Map-Reduce is an algorithm that has popularized by Google. The term map–reduce actually originates from Lisp in which the “map” function takes a list of arguments and performs the same operation on all of its argument. The ”reduce” then applies a common criterion to pick a reduced set of values from this list. Google uses the Map-Reduce to create an inverted index.

An inverted index basically provides a mapping of a word with the list of documents in which it occurs. This typically happens in two stages. A set of parallel “map” tasks take as input documents, parse them and emits a sequence of (word, document id) pairs. In other words, the map takes as input a key value pair (k1, v1) and maps it into an intermediate (k2, v2) pair.

The reduce tasks take the pair of (word, document id), reduces them, and emits a (word, list ). Clearly applications, like the inverted index, make sense for the Map-Reduce algorithm as several mapping tasks can work in parallel on separate documents.
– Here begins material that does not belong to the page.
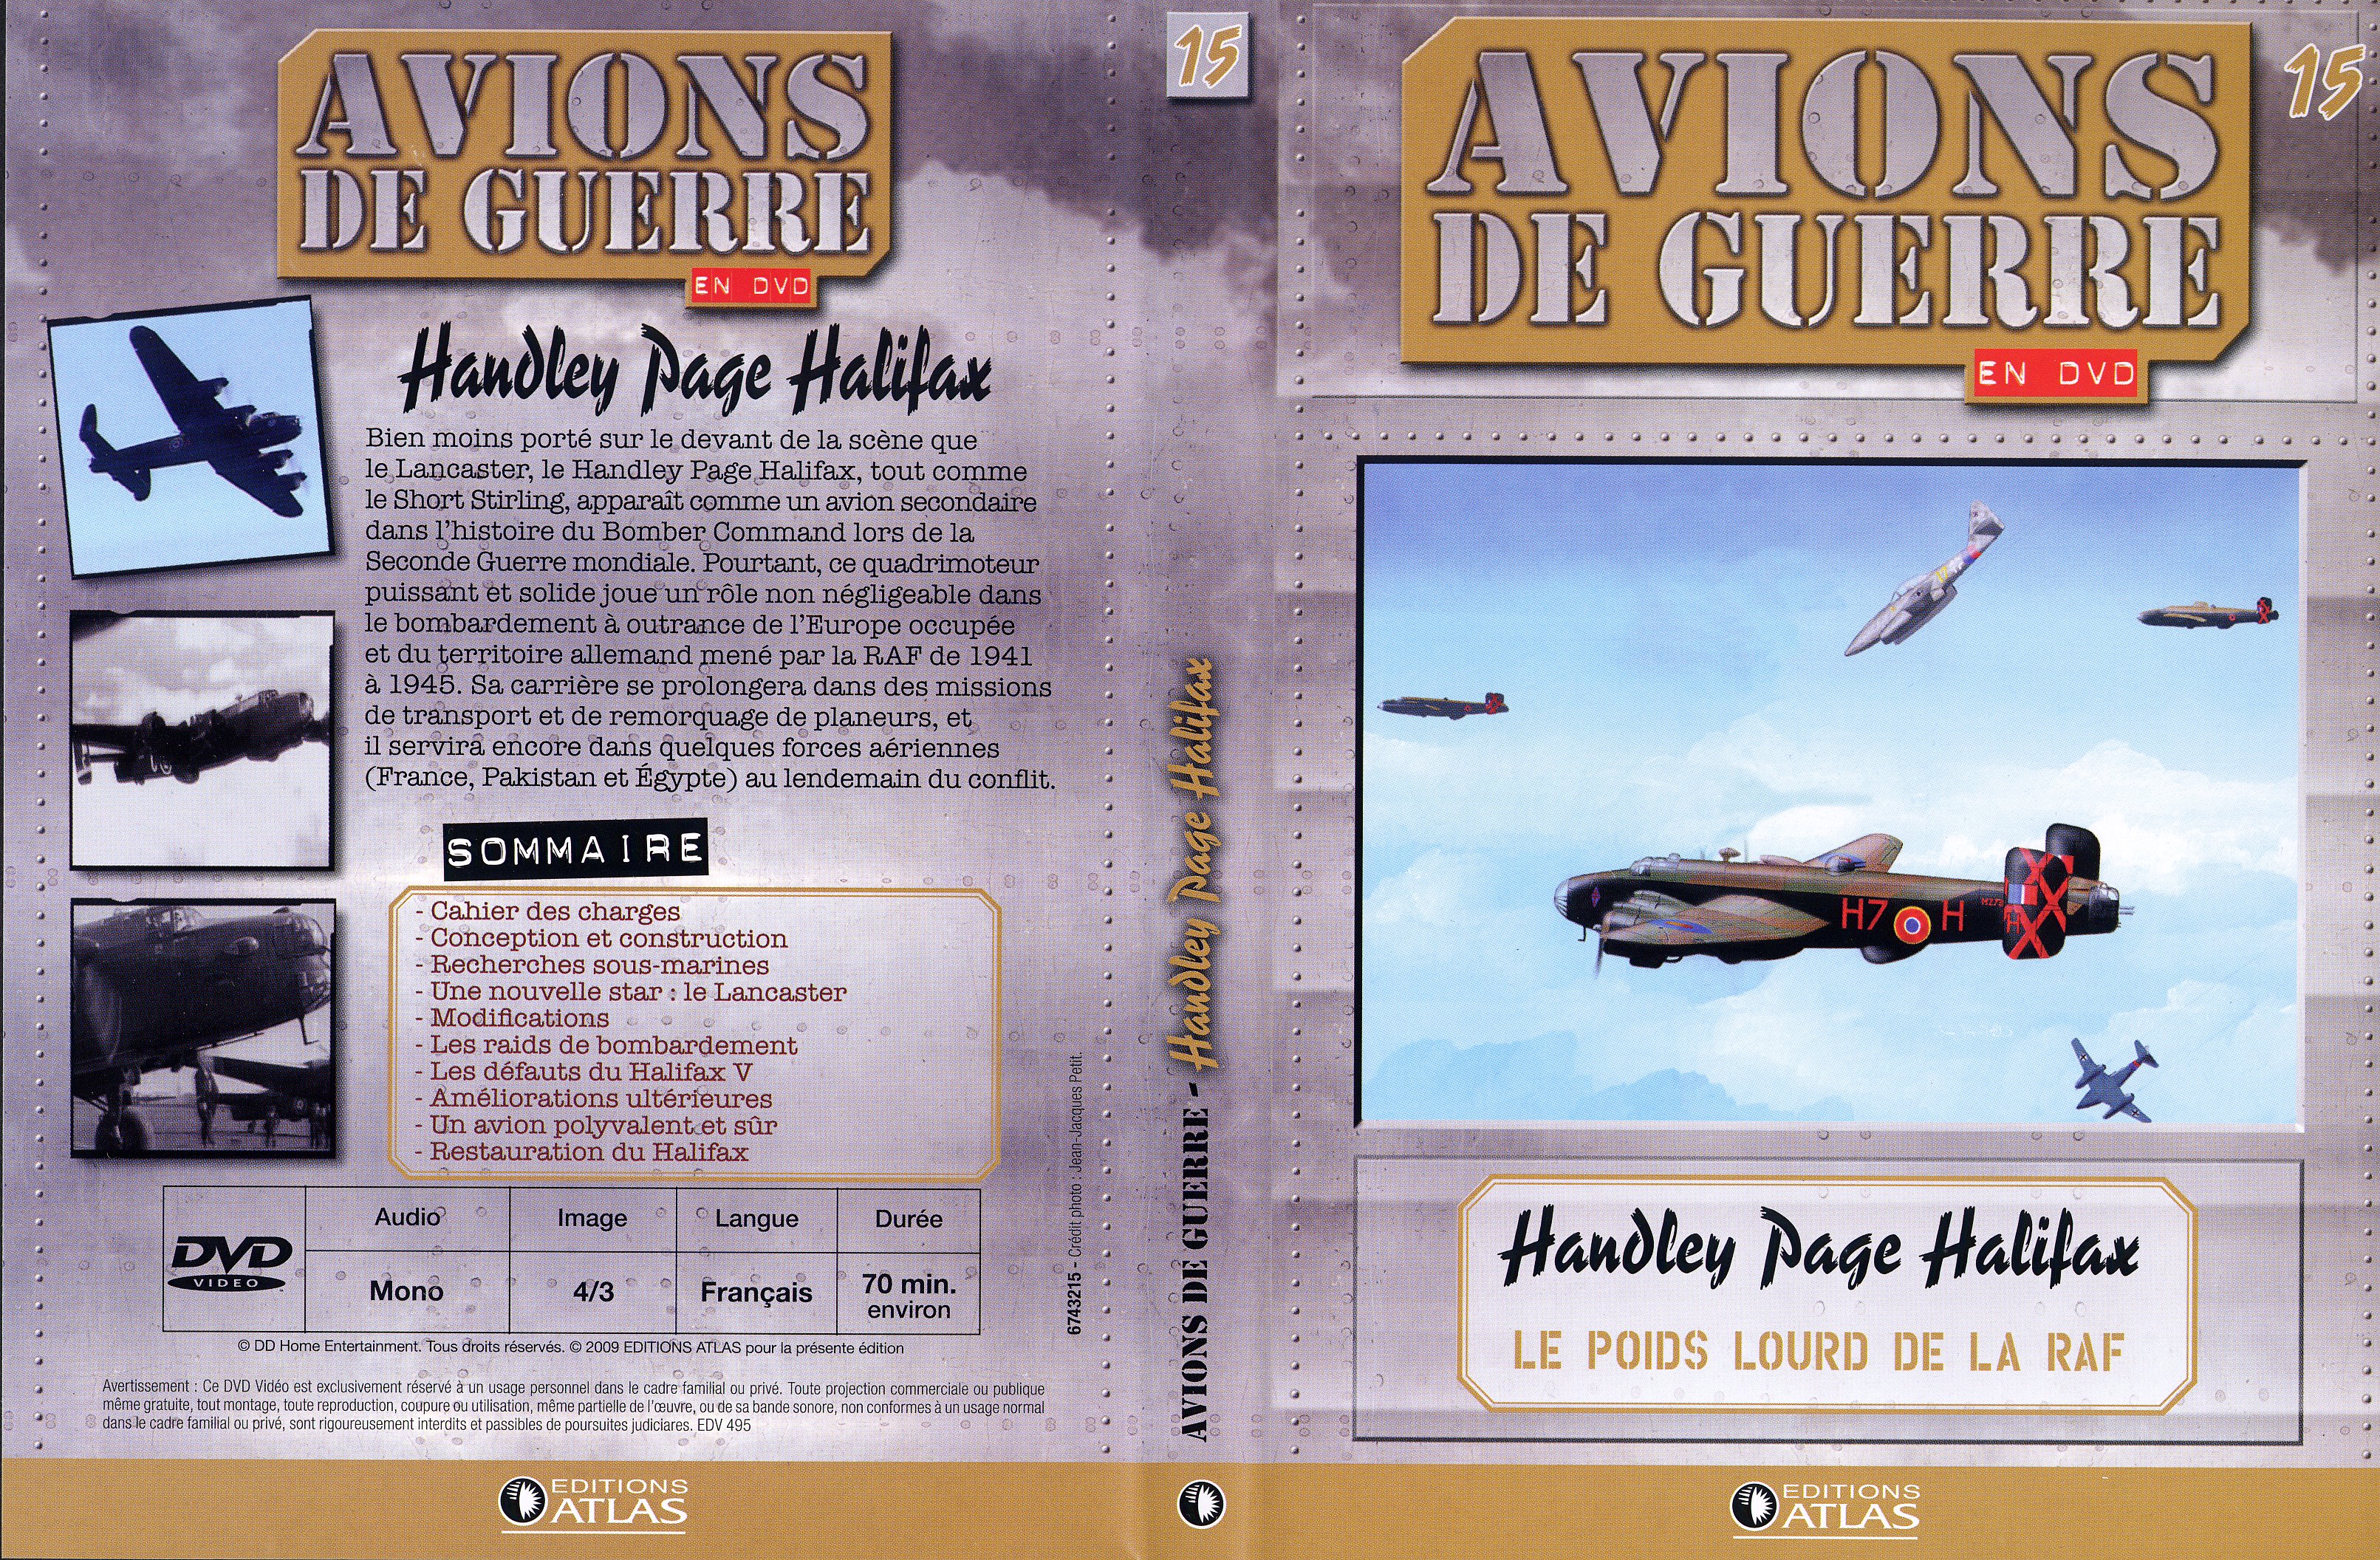 Jaquette DVD Avions de guerre en DVD vol 15

Another typical application is counting the occurrence of words in documents or the number of times a web URL has been hit from a traffic log.

The key point in all these typical class of problems is that the problem can be handled in parallel. Tasks that can execute independently besides being inherently parallel are eminently suitable for Hadoop processing. These tasks work on extraordinarily large data sets. This is also another criterion for Hadoop worthy applications.